I’m not normally the kind of dad who has designs on my children’s career or life choices once they get out on their own. I simply hope to make men out of them and then let God call them into service to the Kingdom. To that end, I am doing whatever I can to raise Godly men(a term I consider to be redundant), and will encourage all of my sons (and both of my daughters) to spend some time at the academy.
The ALERT academy was founded upon the realization that 100 years ago, boys aspired to manhood, not extended adolescence. Our grandfathers, at age 18, could build things, fix things, hunt, fish, skin, trap, and take care of themselves like men. By contrast, it seems today’s high school grads are more likely to be experts at playing HALO or Minecraft, but little else. Americans today spend 25 billion dollars per year on video games – coincidentally the same number of hours spent on facebook annually. ALERT set out to change that by giving men the skills to make them confident, competent and spiritually mature leaders in the real world. Their first responder training makes them especially helpful in any kind of crisis, and well inured to challenging circumstances.
In addition to the one-year course for men, ALERT hosts an annual one-month summer course called “Quest” for boys aged 14-16 who want a taste of what the full ALERT responder course has to offer. Last year my oldest son attended this course, and even in one month’s time, I was impressed at the air of quiet competence he developed while there.
For girls, there is a one-month summer course called STEP, which stands for “Skills Training for Emergency Preparedness.” It teaches a range of similar subjects in a female-only environment. Our sixteen-year-old daughter attended somewhat reluctantly, but afterwards had this to say about the experience:
“At STEP I got more than just survival training and life skills, I learned the importance of teamwork and getting along with a big group of people. Through daily devotionals and sessions, I learned so much about God and how big He really is. I made great friends at STEP and I’m excited to go back for STEP Advanced.”
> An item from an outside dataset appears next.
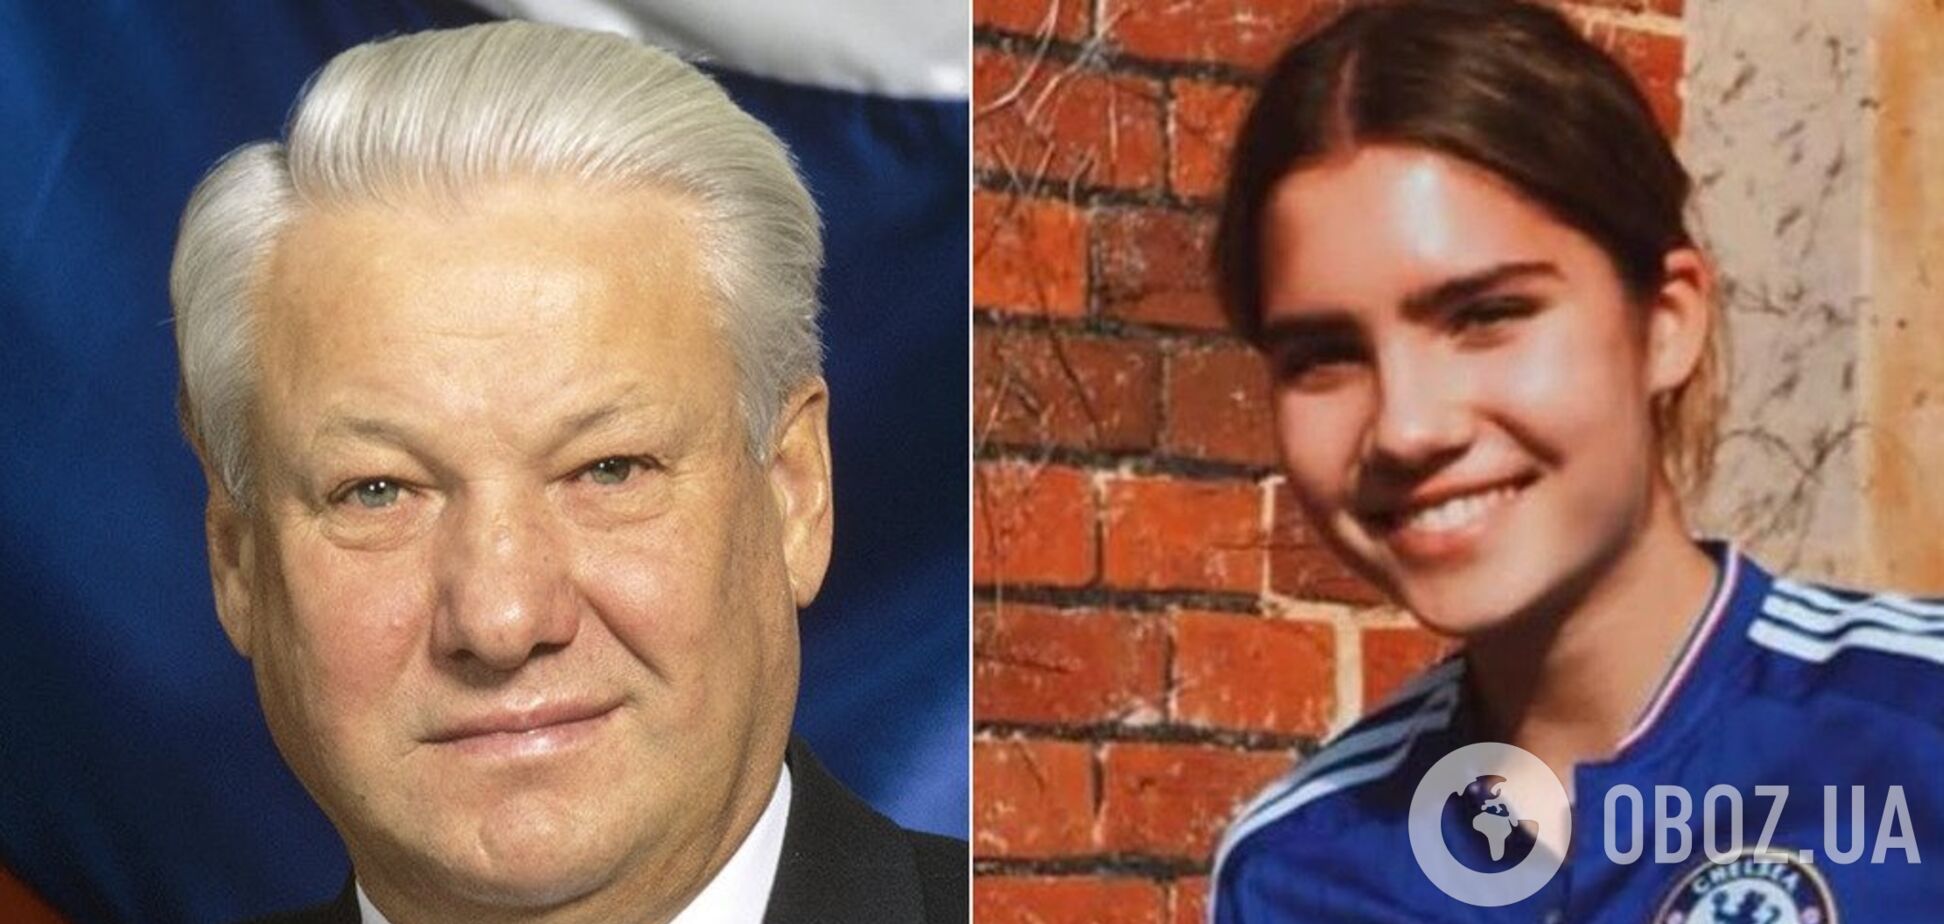 Внучка Ельцина выросла: как она сейчас выглядит и чем занимается

The cost of the full year course ranges between seven and seventeen thousand dollars for the year, including tuition, room and board. The price depends on the advanced skills the responder chooses to pursue. The course is broken up into three phases, and some attend just for the initial “basic” portion of the year. The men wear uniforms, carry rank, live in barracks and do PT daily while at the training academy, but with the exception of the Law Enforcement track do no training with weapons or hand-to-hand combat. That’s something I’d like to see added if they could find a good instructor. Every stage of the training is based around a solid Biblical curriculum that, by the end of the course, gives each man a grounding in the principles of Godly manhood.
I’ve now visited the ALERT campus several times, and always come away astounded by the men and the program. We have decided as a family to support ALERT with our donations as well as by sending our children there, because we want to see this program succeed, and believe it is worth every penny, and then some.
About a third of those who graduate from ALERT go on to join the military. Another third enter the mission field, and the rest move on to other endeavors. No matter what they choose, however, they will have garnered a tremendous skill set in a positive-pressure environment, and will be ready to face whatever the future holds.
In the Army I learned the maxim, “The more you carry in your head, the less you must carry on your back.” Training my sons in emergency preparedness gives them a great head start on developing a full set of survival skills. And unfortunately, I fear they’ll need it sooner rather than later.